(DATA TO EXAMINE Opens)

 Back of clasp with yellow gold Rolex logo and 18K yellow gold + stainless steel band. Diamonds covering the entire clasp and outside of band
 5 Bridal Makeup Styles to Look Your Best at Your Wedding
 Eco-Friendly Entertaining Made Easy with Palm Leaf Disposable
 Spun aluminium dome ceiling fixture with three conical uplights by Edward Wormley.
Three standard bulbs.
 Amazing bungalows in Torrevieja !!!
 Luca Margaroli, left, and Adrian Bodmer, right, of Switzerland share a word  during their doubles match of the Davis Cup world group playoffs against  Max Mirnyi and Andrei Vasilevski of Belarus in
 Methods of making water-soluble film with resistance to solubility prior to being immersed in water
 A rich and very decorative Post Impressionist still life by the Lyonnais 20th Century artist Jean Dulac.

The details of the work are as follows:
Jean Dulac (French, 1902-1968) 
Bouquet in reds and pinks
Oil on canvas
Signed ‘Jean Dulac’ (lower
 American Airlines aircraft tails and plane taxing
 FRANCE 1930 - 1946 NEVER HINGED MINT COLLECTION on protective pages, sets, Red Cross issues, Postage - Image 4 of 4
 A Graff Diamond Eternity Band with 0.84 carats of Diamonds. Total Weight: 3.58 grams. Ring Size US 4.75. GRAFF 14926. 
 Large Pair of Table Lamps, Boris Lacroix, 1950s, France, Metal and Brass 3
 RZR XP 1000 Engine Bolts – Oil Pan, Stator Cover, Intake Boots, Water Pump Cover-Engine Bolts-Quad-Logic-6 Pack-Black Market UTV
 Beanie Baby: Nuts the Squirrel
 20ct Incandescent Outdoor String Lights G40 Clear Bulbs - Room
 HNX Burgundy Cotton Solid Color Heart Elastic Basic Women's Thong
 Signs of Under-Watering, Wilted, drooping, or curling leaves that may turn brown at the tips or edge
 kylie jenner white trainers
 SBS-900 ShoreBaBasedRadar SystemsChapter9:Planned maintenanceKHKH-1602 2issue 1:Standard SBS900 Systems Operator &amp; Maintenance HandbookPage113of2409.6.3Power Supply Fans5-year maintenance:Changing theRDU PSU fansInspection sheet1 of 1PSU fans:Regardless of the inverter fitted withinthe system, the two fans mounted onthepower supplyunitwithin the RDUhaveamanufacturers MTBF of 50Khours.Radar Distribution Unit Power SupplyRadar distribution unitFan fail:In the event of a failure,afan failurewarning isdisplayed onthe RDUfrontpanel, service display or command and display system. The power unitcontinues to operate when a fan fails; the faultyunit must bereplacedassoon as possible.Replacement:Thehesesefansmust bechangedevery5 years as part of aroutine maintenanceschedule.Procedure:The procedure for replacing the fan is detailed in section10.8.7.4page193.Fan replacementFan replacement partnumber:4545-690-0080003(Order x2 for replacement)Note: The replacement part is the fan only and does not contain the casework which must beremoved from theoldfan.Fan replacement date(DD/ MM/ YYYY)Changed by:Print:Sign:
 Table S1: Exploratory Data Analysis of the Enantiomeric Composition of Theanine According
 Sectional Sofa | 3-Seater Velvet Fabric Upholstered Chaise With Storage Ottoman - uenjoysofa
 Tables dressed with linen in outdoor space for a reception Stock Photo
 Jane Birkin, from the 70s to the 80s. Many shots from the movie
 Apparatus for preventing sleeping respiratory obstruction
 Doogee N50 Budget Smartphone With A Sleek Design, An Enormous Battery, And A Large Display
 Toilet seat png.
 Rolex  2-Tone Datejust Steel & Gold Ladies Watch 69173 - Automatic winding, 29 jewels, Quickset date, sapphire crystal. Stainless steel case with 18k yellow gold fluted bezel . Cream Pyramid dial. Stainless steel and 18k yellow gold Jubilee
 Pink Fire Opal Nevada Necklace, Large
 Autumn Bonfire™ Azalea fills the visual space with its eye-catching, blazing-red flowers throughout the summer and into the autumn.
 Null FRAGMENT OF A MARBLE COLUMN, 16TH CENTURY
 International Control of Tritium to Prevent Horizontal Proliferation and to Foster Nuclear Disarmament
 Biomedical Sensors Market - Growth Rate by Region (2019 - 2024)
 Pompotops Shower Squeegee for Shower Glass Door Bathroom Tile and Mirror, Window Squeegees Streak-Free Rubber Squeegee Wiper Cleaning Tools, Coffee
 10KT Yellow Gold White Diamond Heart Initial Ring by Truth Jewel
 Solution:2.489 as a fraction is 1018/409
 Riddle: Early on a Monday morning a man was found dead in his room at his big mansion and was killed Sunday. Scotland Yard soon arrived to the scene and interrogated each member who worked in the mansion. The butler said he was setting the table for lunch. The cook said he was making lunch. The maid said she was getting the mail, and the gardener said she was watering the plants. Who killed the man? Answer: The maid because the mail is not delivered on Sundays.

(DATA TO EXAMINE Closes)

### [ABOUT THIS EXERCISE]
Copy out, from the data above, each line where the string "Market" is present.

### [WRITTEN REPLY]
 RZR XP 1000 Engine Bolts – Oil Pan, Stator Cover, Intake Boots, Water Pump Cover-Engine Bolts-Quad-Logic-6 Pack-Black Market UTV
 Biomedical Sensors Market - Growth Rate by Region (2019 - 2024)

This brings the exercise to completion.